SatoriDaily

Concept #075

寂しさ

sabishisa

さびしさ

the ache of beautiful loneliness

Origin

Sabishisa comes from the adjective sabishii (寂しい), meaning lonely or lonesome. In Japanese aesthetic tradition, particularly in wabi-sabi and the linked arts of haiku and tea, sabishisa carries a quality that goes beyond simple unhappiness. It is loneliness that has found its own kind of beauty — the stillness in an empty room, the ache in a poem about absence, the quiet that is somehow also presence. The related word sabi (the sa- root in both) refers to the beauty that comes from age and solitude.

She has lived alone for three years. Before that she shared her life with someone for eleven.

Sunday afternoons are the hardest. There's no particular reason — Sunday afternoon is just when the shape of her life becomes most visible to her. The light is a certain way. The neighborhood is quiet. She could call someone. She usually doesn't.

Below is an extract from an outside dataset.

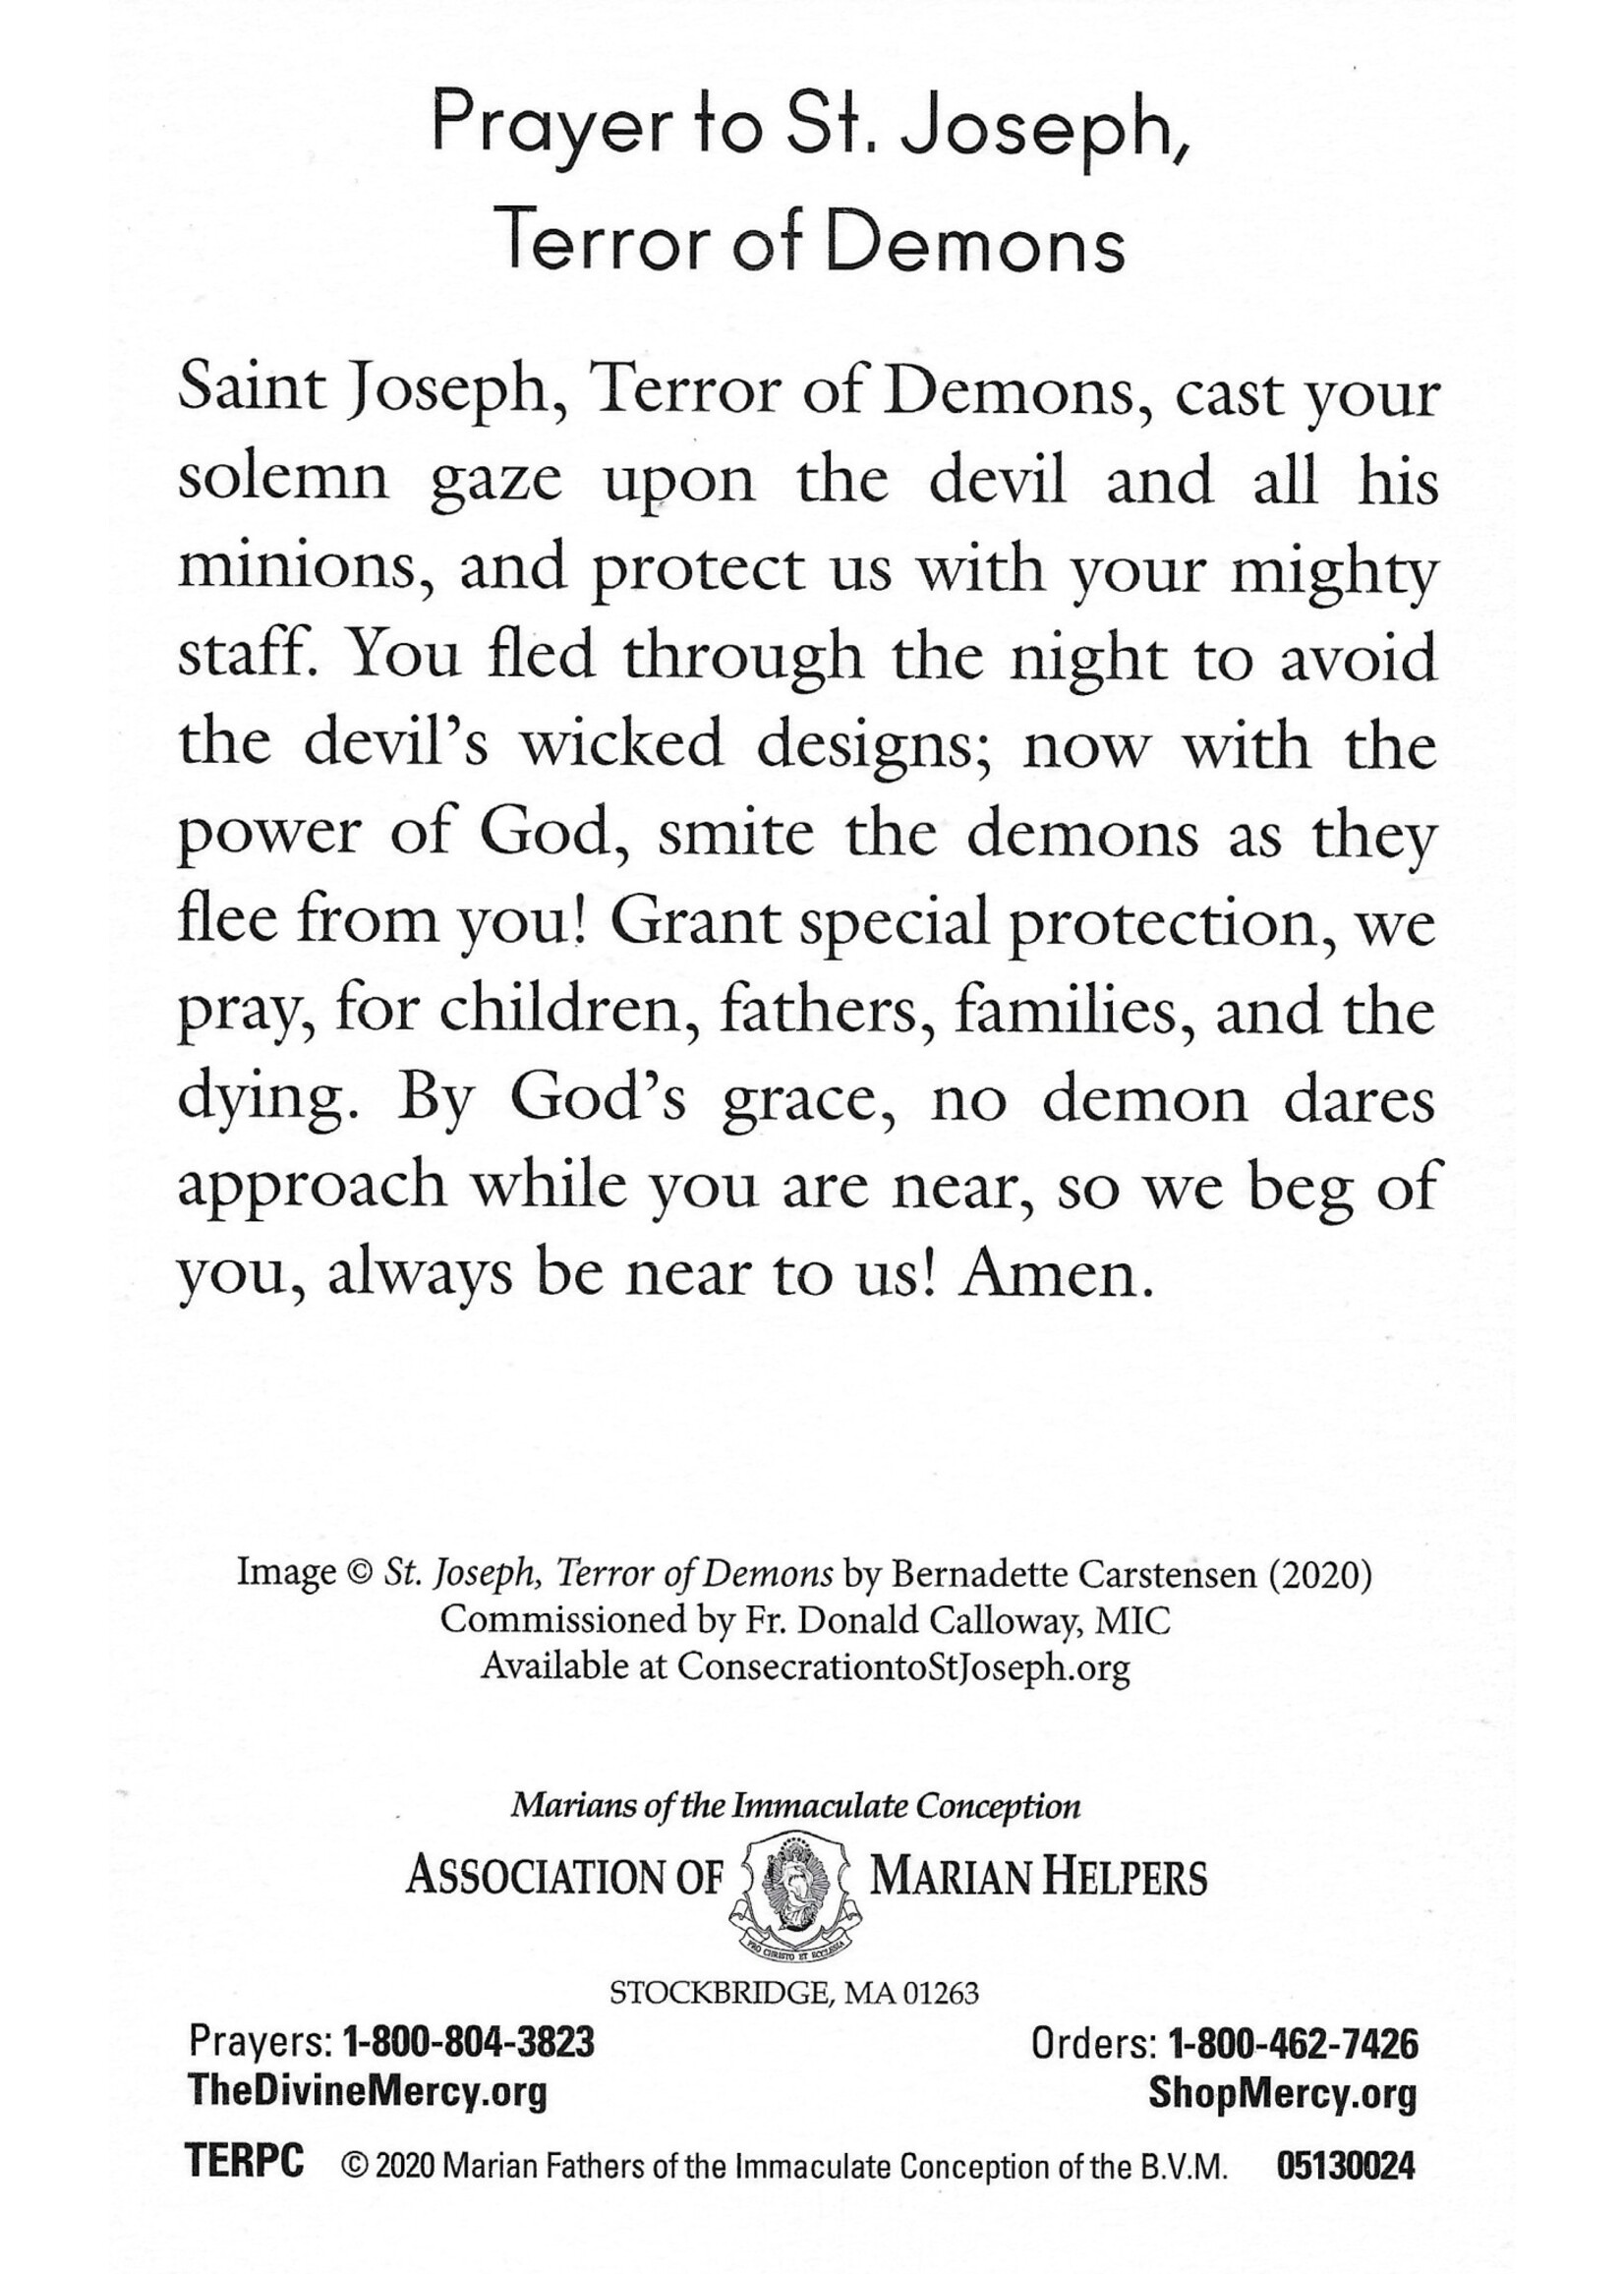 St Joseph Terror of Demons Prayer Card

She has learned, slowly, to tell the difference between the loneliness that needs answering and the kind that needs sitting with.

The first kind has a restlessness to it. An itch. It wants distraction, contact, something to fill the space. When she feels that kind she calls a friend, makes plans, goes out.

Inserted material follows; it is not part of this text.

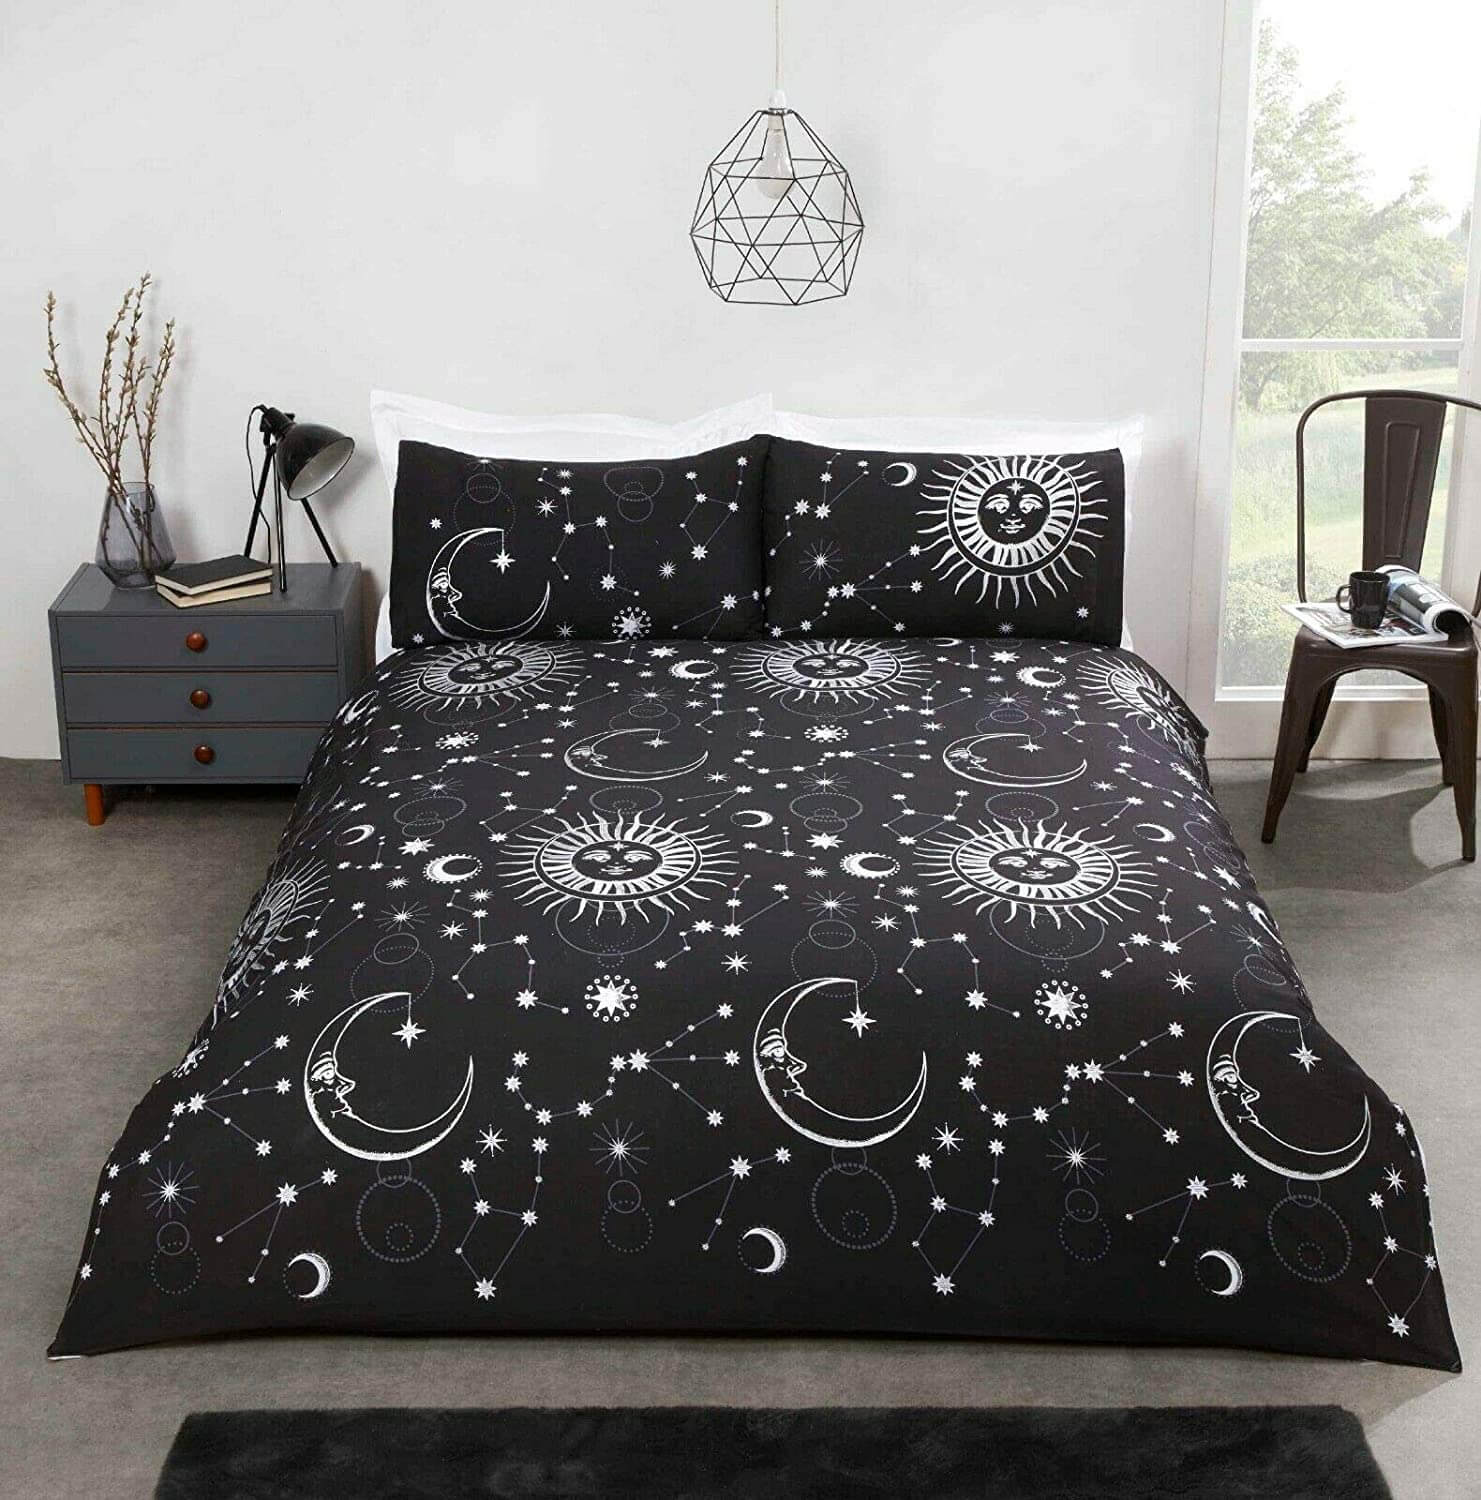 Bộ drap giường mang cảm hứng từ bầu trời đêm

The second kind is quieter. Almost still. It's the kind she feels on Sunday afternoons when the light comes through at a low angle and everything is where she put it. That loneliness is hers. It has her shape. She's stopped trying to make it go away.

Bashō wrote about this loneliness without sentimentalizing it. His most famous poem — the old pond, the frog, the sound of water — is a poem about solitude and sudden presence. The frog breaks the silence for an instant. Then the silence comes back, different.

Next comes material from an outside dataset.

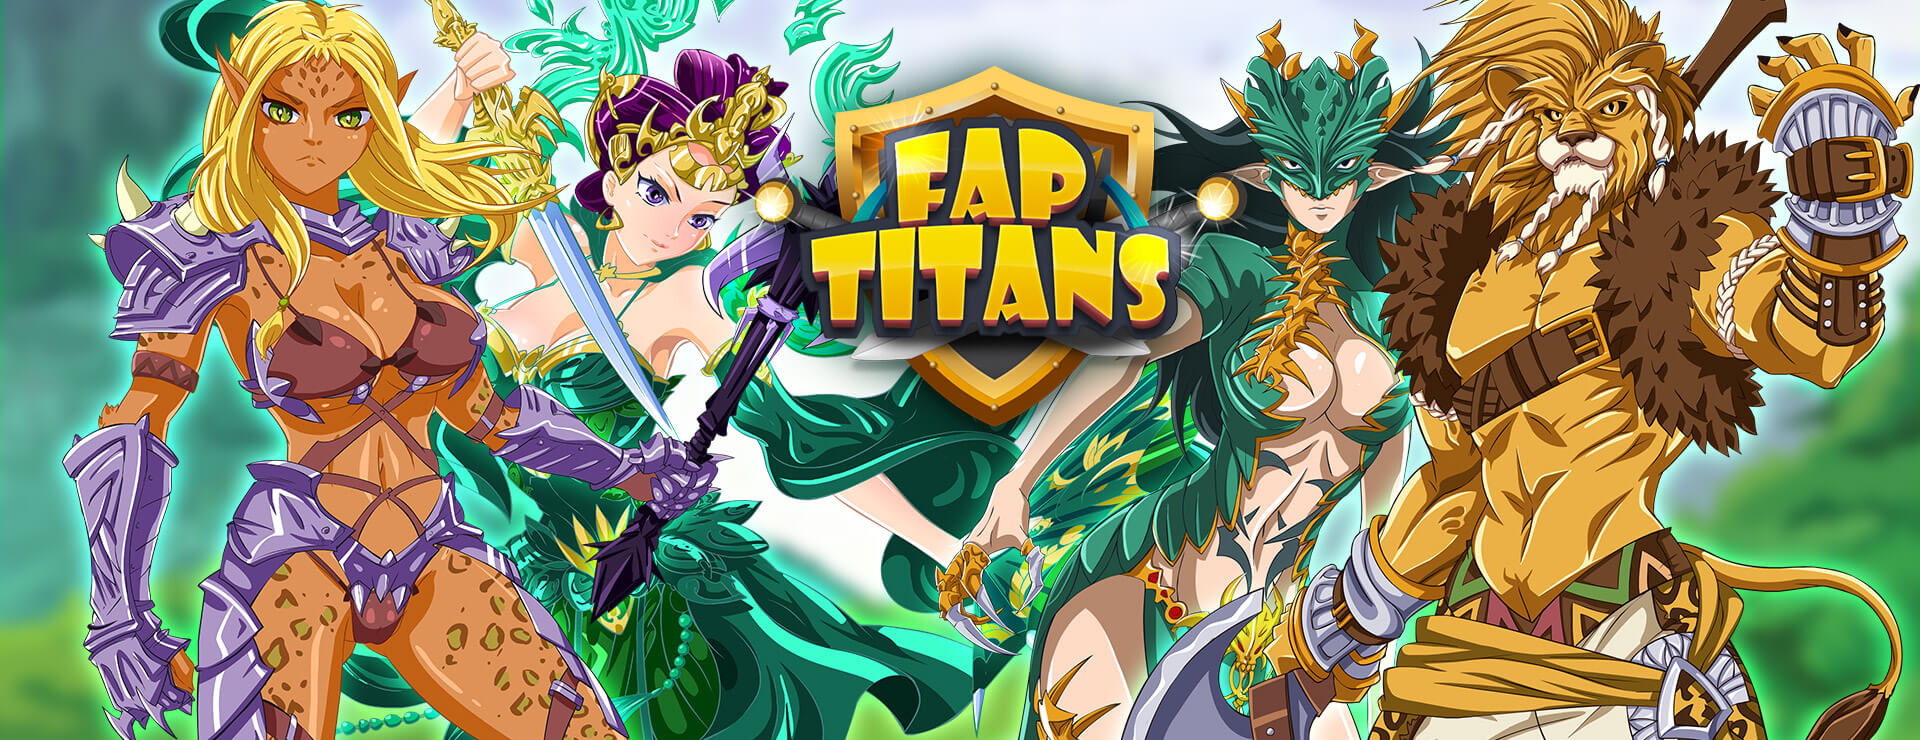 Fap Titans Game - Zwanglos  Spiel

Sabishisa is not the enemy of connection. It is often, actually, the place where you remember what you care about most. It is loneliness with a window in it.

Try this today

The next time you feel that particular quiet ache — Sunday afternoon, an empty house, a long walk alone — try not to immediately fill it. Sabishisa asks you to sit with it long enough to find what's in it, which is often more than emptiness.

Some loneliness isn't asking to be fixed.